Source information:
——
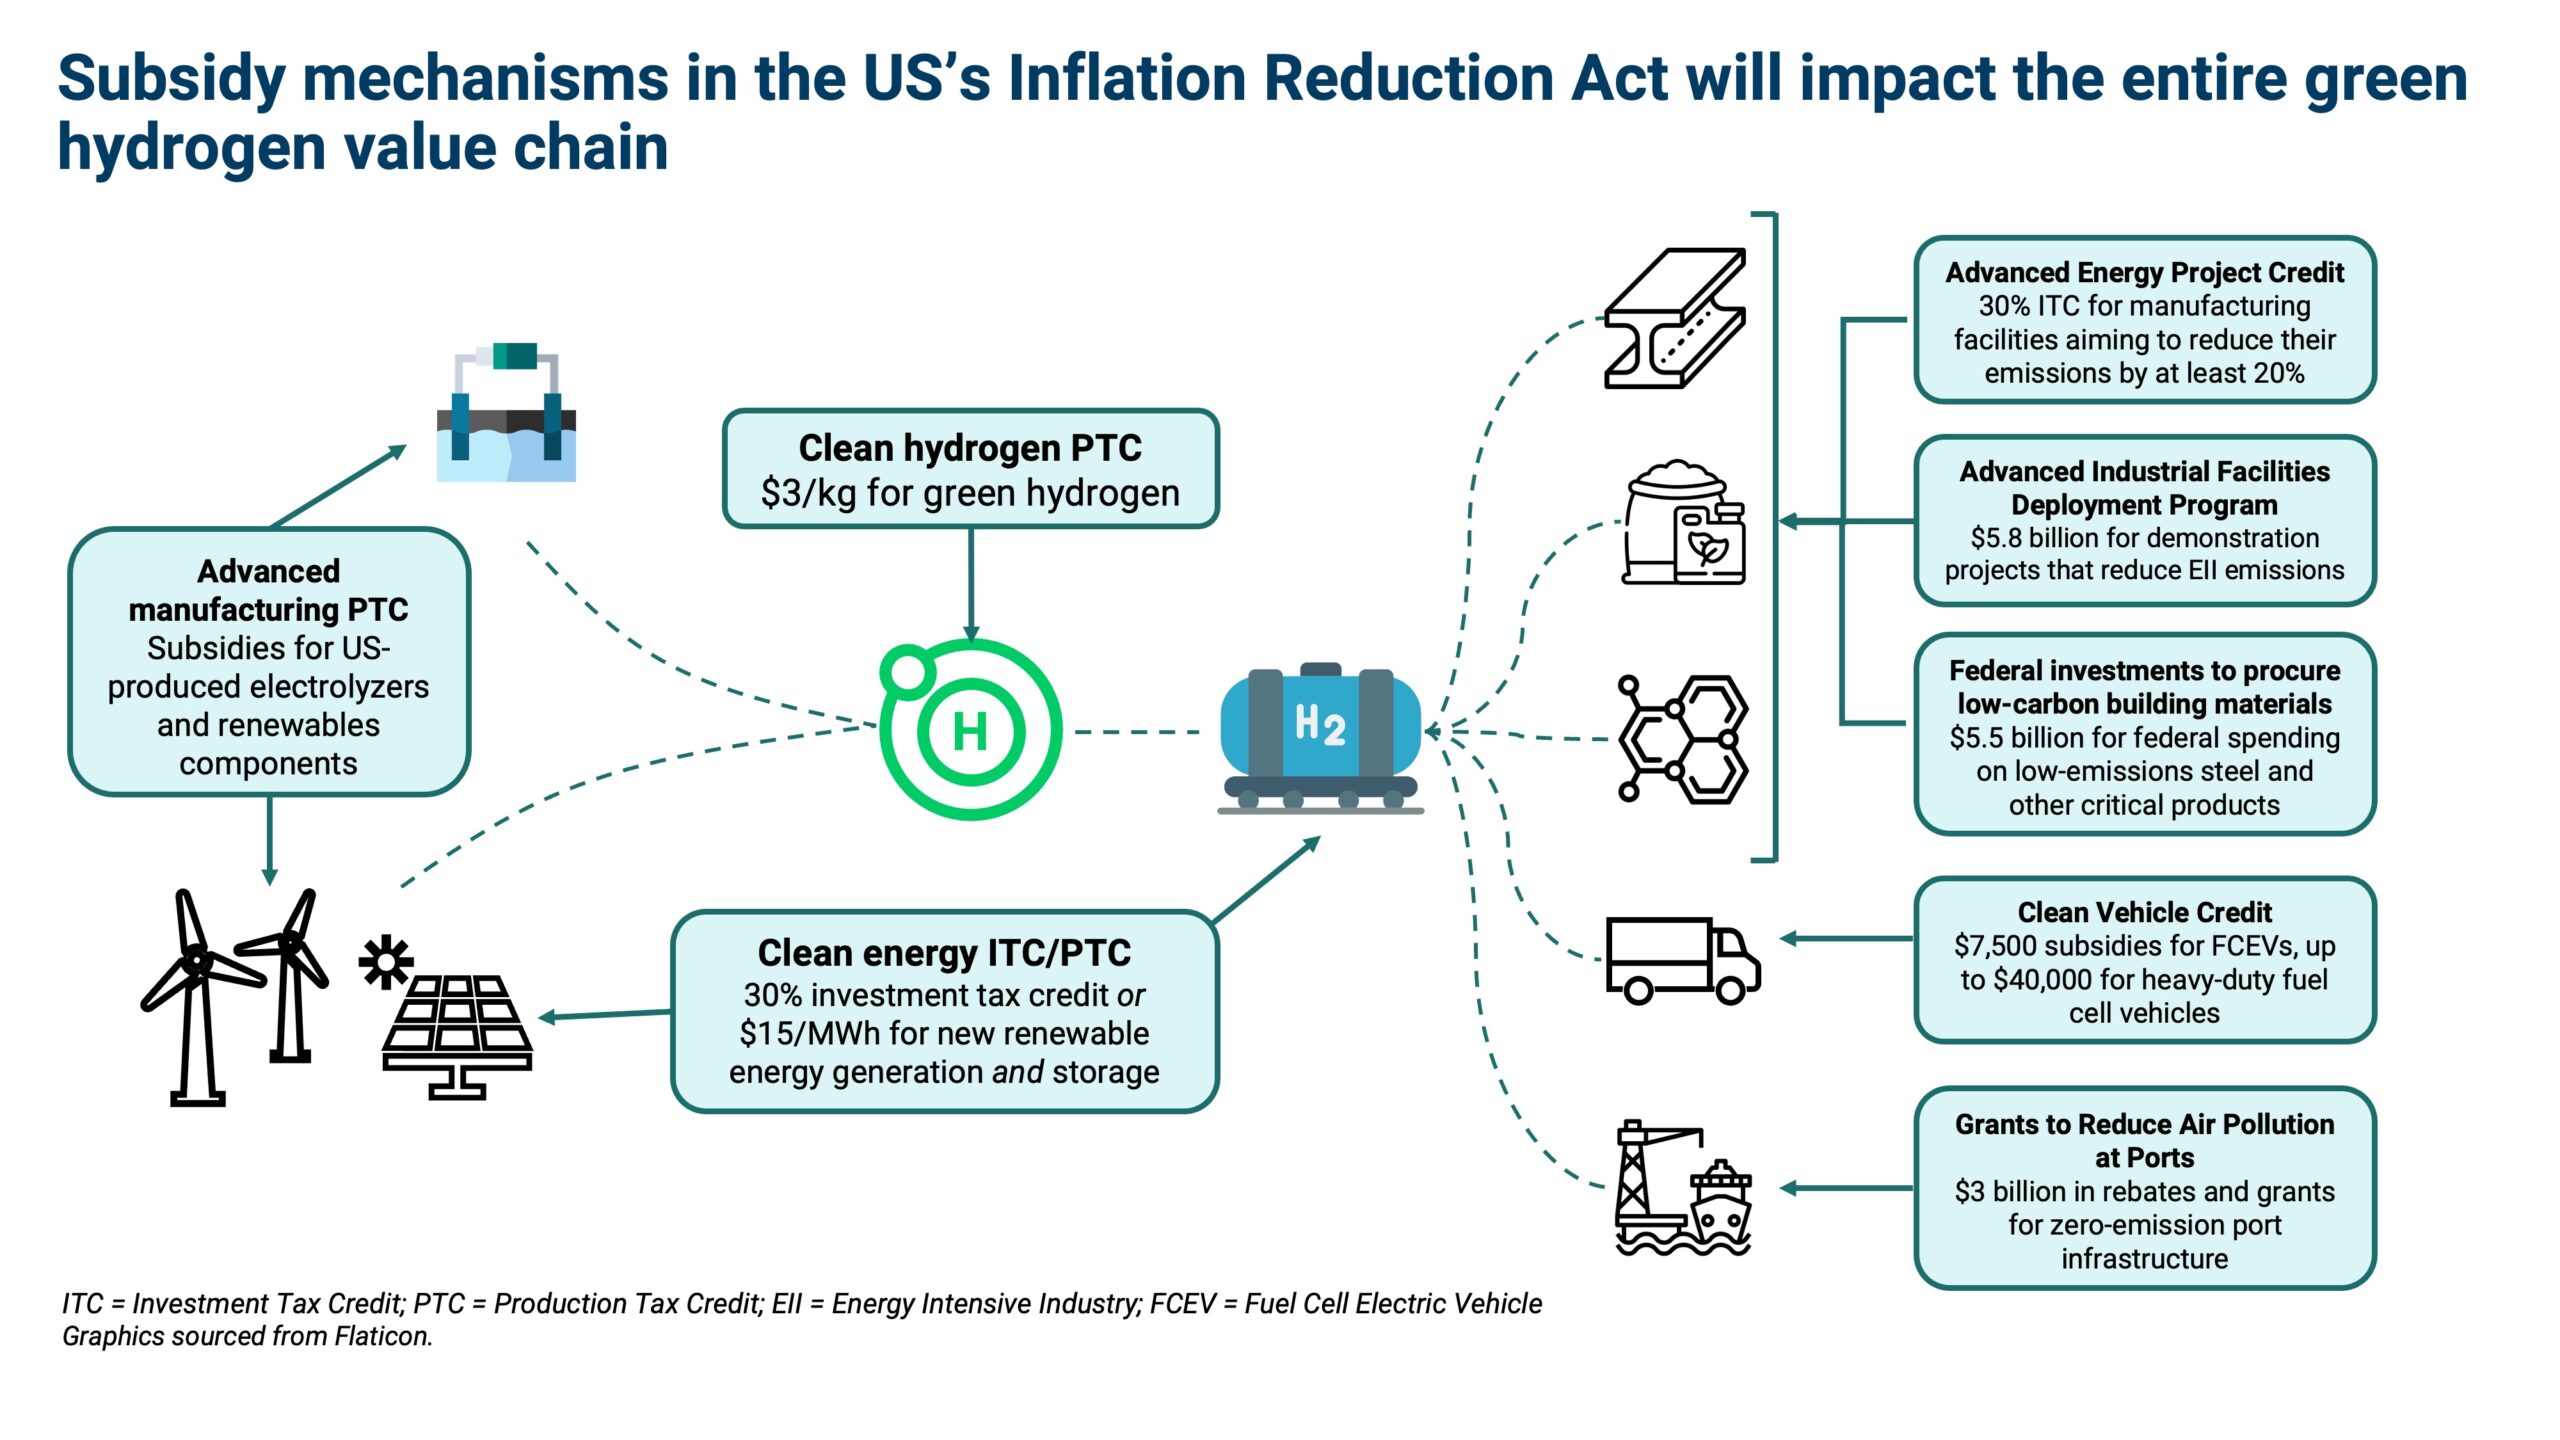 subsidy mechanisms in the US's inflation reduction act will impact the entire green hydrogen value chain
——
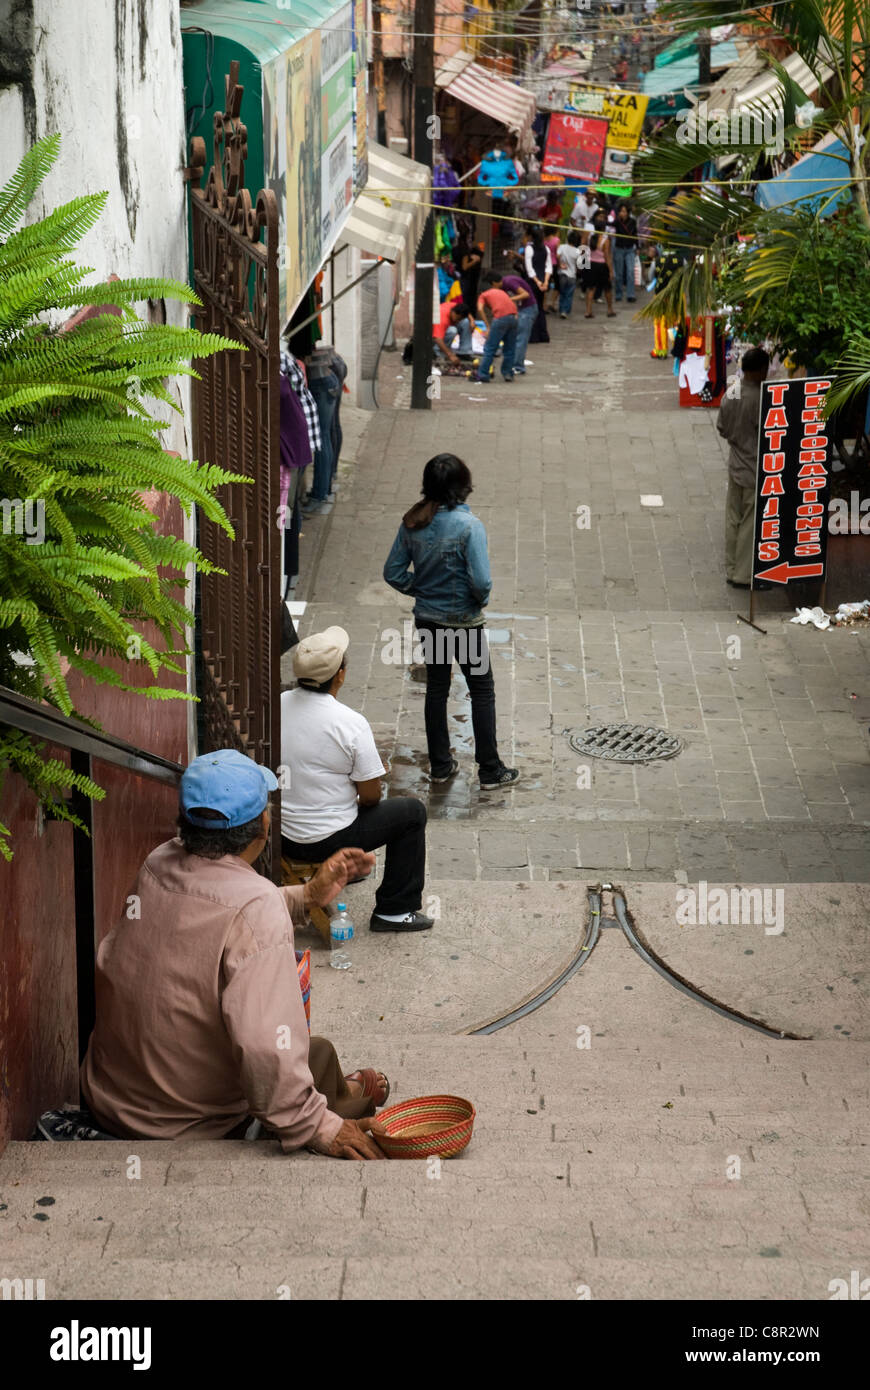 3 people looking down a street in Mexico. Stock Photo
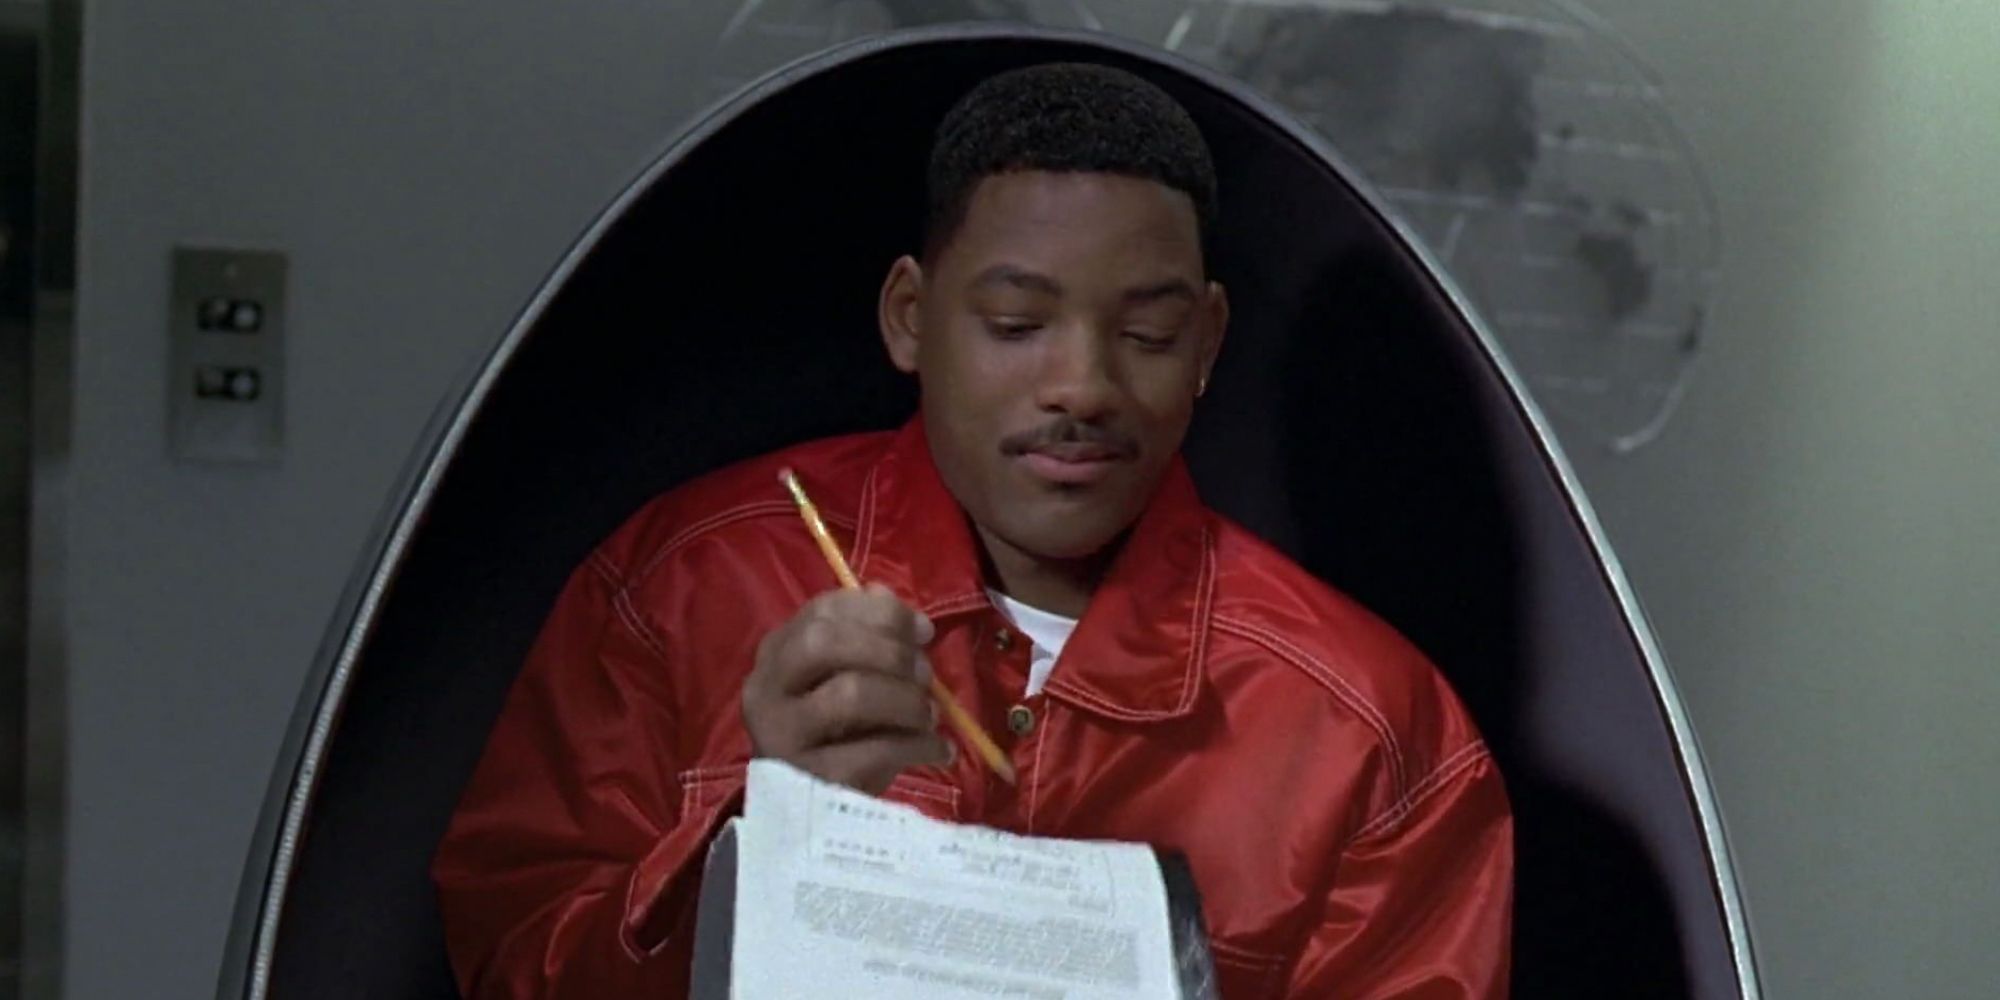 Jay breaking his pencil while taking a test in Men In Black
——
Work item: Return the stretch of data that begins with the line showing "3 people looking" and goes on through the line showing "Jay breaking his", exactly, with pictures removed.

Solution:
 3 people looking down a street in Mexico. Stock Photo
 Jay breaking his pencil while taking a test in Men In Black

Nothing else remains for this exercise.